More discussion and almost certainly another paper revision is required.

<H2>Background</h2>

<P>
<A HREF="http://www.open-std.org/jtc1/sc22/wg21/docs/papers/2013/n3501.html#1441">CWG Issue 1441</a> points out that in the process of
relaxing the restrictions on asynchronous signal handlers to allow
use of atomics, we inadvertently
made it impossible to use even local variables of non-volatile,
non-atomic type.
As a result of an initial discussion within CWG, Jens Maurer generated a
<A HREF="http://wiki.edg.com/twiki/pub/Wg21kona2012/CoreWorkingGroup/proposed_resolution_core-1441.html">proposed resolution</a>, which addresses
that specific issue.
<P>
Pre-Bristol discussion in SG1, both in
<A HREF="http://wiki.edg.com/twiki/bin/view/Wg21portland2012/SG1Minutes10-18">
Portland</a> and during
<A HREF="http://wiki.edg.com/twiki/bin/view/Wg21bristol/FebPhoneCallMinutes">the February 2013 SG1 teleconference</a>, raised a number of additional
issues.  Both Jens' solution and all prior versions of the standard
still give undefined behavior to code involving signal handlers which
we believe should clearly be legal.  Our goal was to correct such
oversights, and allow some realistic signal handlers to be portable,
while preserving a significant amount of implementation
freedom with respect to what is allowable in a signal handler.  In
particular, we do not want to reinvent Posix' notion of
async-signal-safe functions here.
<P>
This issue was revisited as part of the concurrency group (SG1)
<A HREF="http://wiki.edg.com/twiki/bin/view/Wg21bristol/SG1">
meetings in Bristol</a>.
After some initial debate,
that discussion concluded with several straw polls reaffirming that we
want lock-free atomics to be usable in signal handlers, that signal
handlers should be  able to read data written before the handler installation,
and that accesses to ordinary variables in signal handlers should be OK,
so long as there are happens-before relationships separating such code
from mainline code accesses.  Some of us remember this as the original
intent behind the C++11 changes, but recollections vary.
<P>
In spite of reaffirming the intent of this paper,
the changes below were not brought
forward as a change to the C++14 working paper, since there was a feeling we
should take more time to consider alternate approaches to the wording,
and that input from WG14 would be desirable.
<P>
My current hope is that something along the lines of this proposal,
but probably not precisely these words, will find its way into the draft.
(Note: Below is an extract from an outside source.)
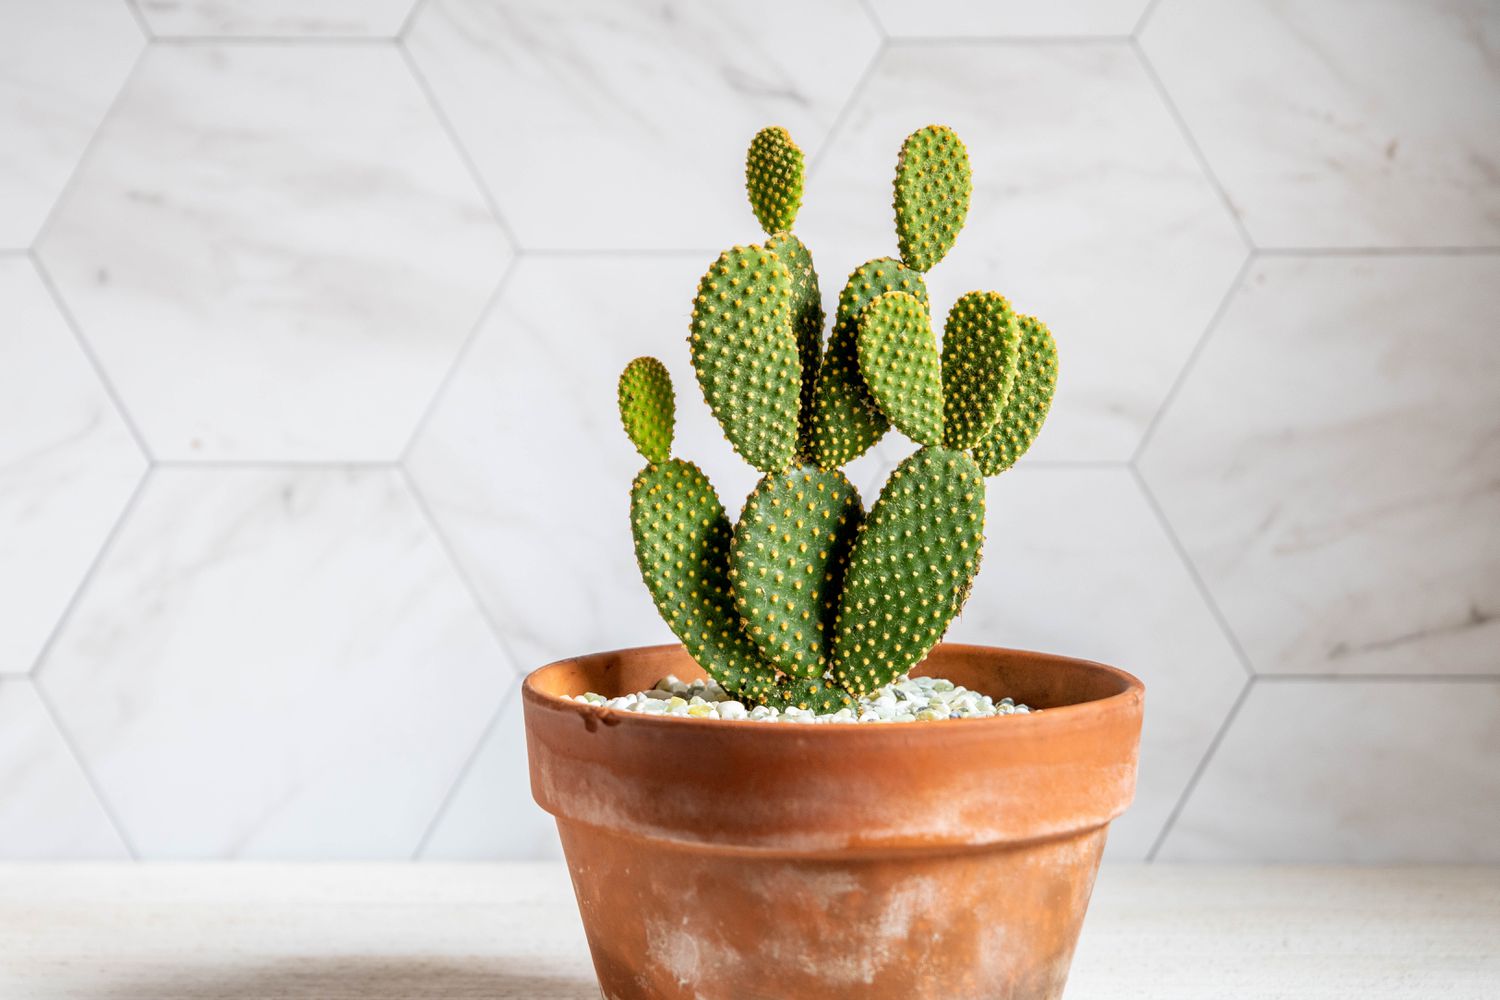 Hasenohr-Kaktus im Terrakotta-Topf mit runden Blattpolstern mit kleinen gelben Punkten
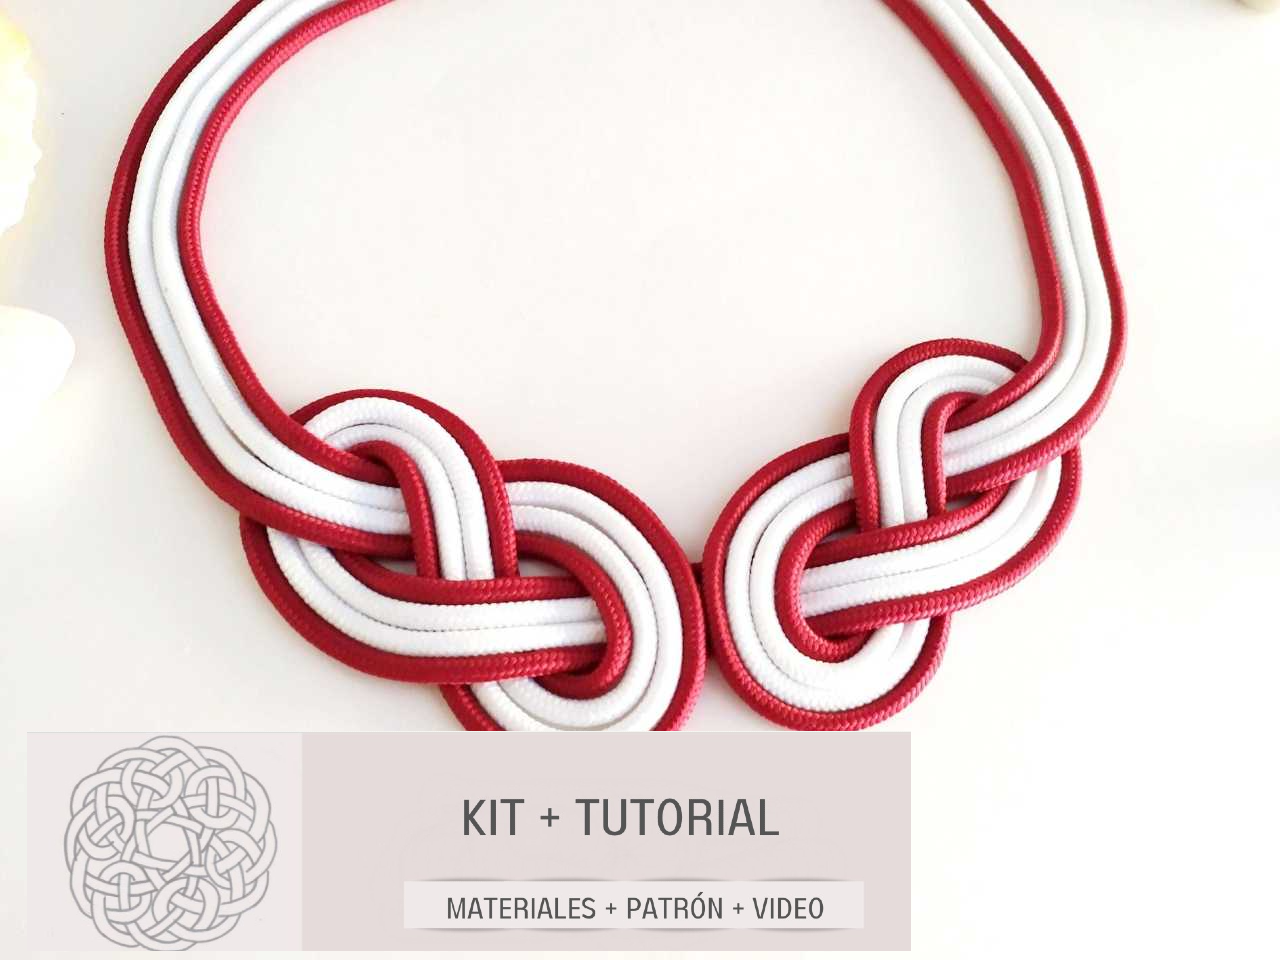 Leather and silver macramé earrings kit and tutorial – Raquel Jiménez  Artesanía

<H2>Proposed resolution and discussion</h2>

<P>
We give several proposed changes and summarize the reasoning behind the
change as well as some of the past discussion:

<H3>Replace 1.9p6, the paragraph imposing the restrictions on signal handlers</h3>
<P>
Replace 1.9p6 [intro.execution]:
<BLOCKQUOTE>
	<DEL>When the processing of the abstract machine is interrupted
		by receipt of a signal, the values of objects which are neither</del>
<OL>
	<LI> <DEL>of type <CODE>volatile std::sig_atomic_t</code> nor</del>
	<LI> <DEL>lock-free atomic objects (29.4)</del>
</ol>
<DEL>are unspecified during the execution of the signal handler, and the
	value of any object not in either of these two categories that
	is modified by the handler becomes undefined.</del>
</blockquote>
<P>
with
<BLOCKQUOTE>
	<P>
	<ins>If a signal handler is executed as a result of a call to the
		<code>raise</code> function, then the execution of the
		handler is sequenced after the invocation of the
		<code>raise</code> function and before its return.
		When a signal is received for another reason,
		the execution of the signal handler is
		unsequenced with respect to the rest of the program.</ins>
</BLOCKQUOTE>
<P>
The original restriction would now be expressed elsewhere (see below)
in terms of data races.  This means that signal handlers can now access
variables also accessed in mainline code, so long as the required
happens-before orders are established.
<P>
We concluded during the February discussion that the old "interrupted by
a signal" phrase referred to an asynchronous signal, and was basically OK.
But after reading the C standard I'm not sure, and it makes sense to me
to be more explicit.  This is my latest attempt to do so.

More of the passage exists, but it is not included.